I found another post here on how to derive it but it is suggested that you try it yourself a bunch of times...

8. Feb 3, 2008

### D H

Staff Emeritus
This $r$ refers to the distance from the rotational axis ...
and this $r$ refers to the distance from the center of the sphere. You got an erroneous result by erroneously equating two very different measures that happen to have the same symbol.

9. Feb 3, 2008

### D H

Staff Emeritus
Rather than integrating over a series of spherical shells I suggest you look at integrating over a series of cylindrical shells. The height (and hence mass) of these shells will vary with the radial distance from the axis of rotation. It will help to remember the formula for the length of a chord length of a circle as a function of the radius and chord angle ...

10. Feb 4, 2008

### Gear300

The $$dm=\rho \times 4\pi r^2\times dr$$ doesn't work. If you were to cut the sphere in half and try to straighten out one of the halves, it wont work out too well and thats probably the source of the mistake.

11. Feb 6, 2008

### Oerg

thanks for the replies, i finally figured how to derive it on my own.

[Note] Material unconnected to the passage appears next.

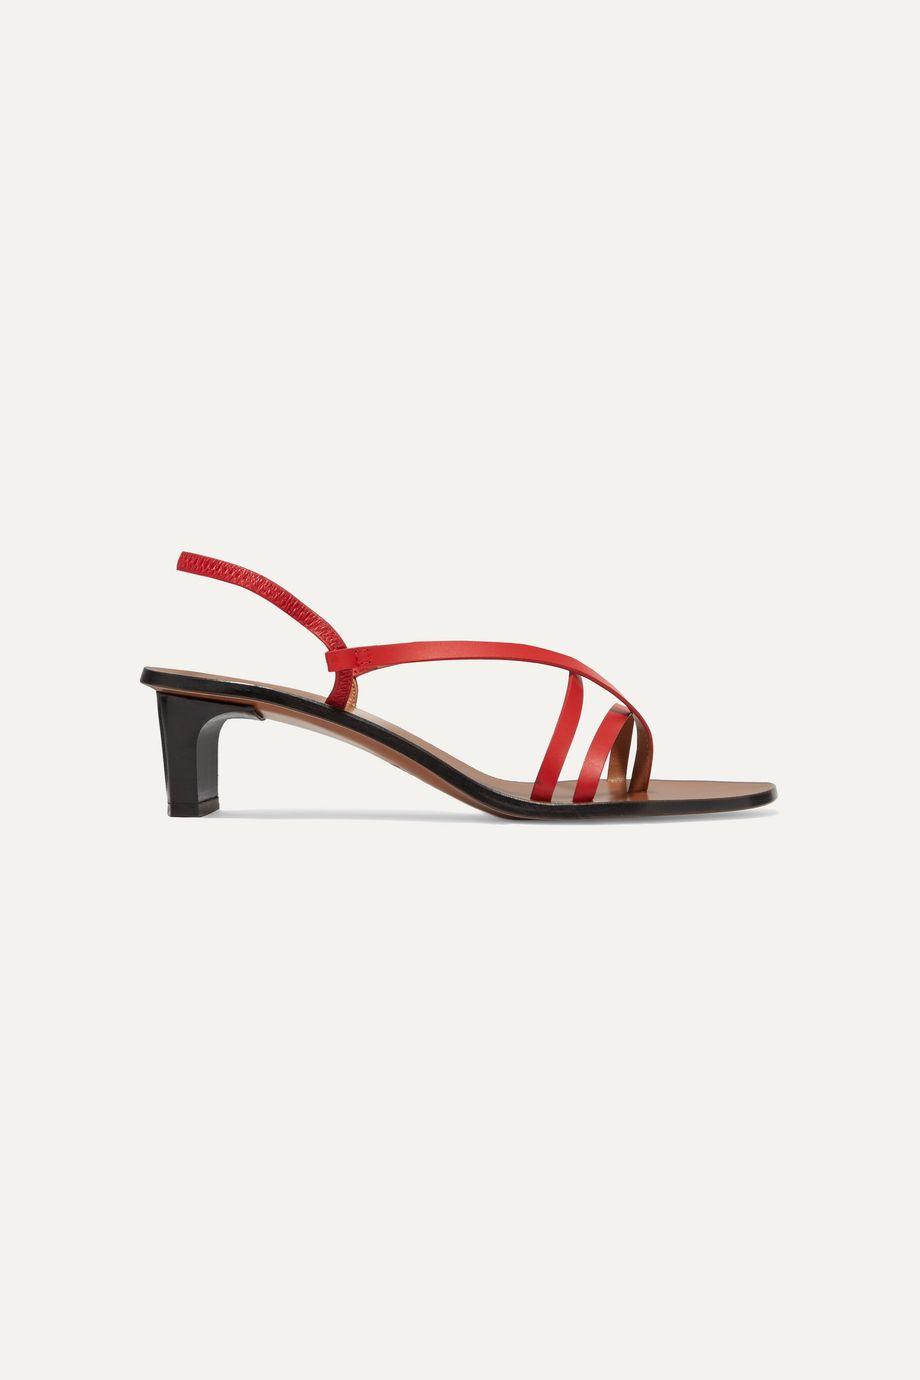 ATP Atelier Nashi leather slingback sandals

The moment of inertia of a disk is

$$I_{CM}=\int_{0}^{R} r^2 \times \rho \times 2 \pi r \times dr$$

$$I_{CM}=\frac{MR^2}{2}$$

Integrating these differential moment of inertia gives us the moment of inertia of a sphere
$$dI=\frac{r^2}{2} dm$$

$$dm=\rho \times \pi r^2 \times dz$$

So the integral becomes

$$I=\int_{-R}^{ R} \frac{\rho \pi}{2} (R^2-z^2)^2dz$$

$$I=\frac{2}{5} MR^2$$

Last edited: Feb 6, 2008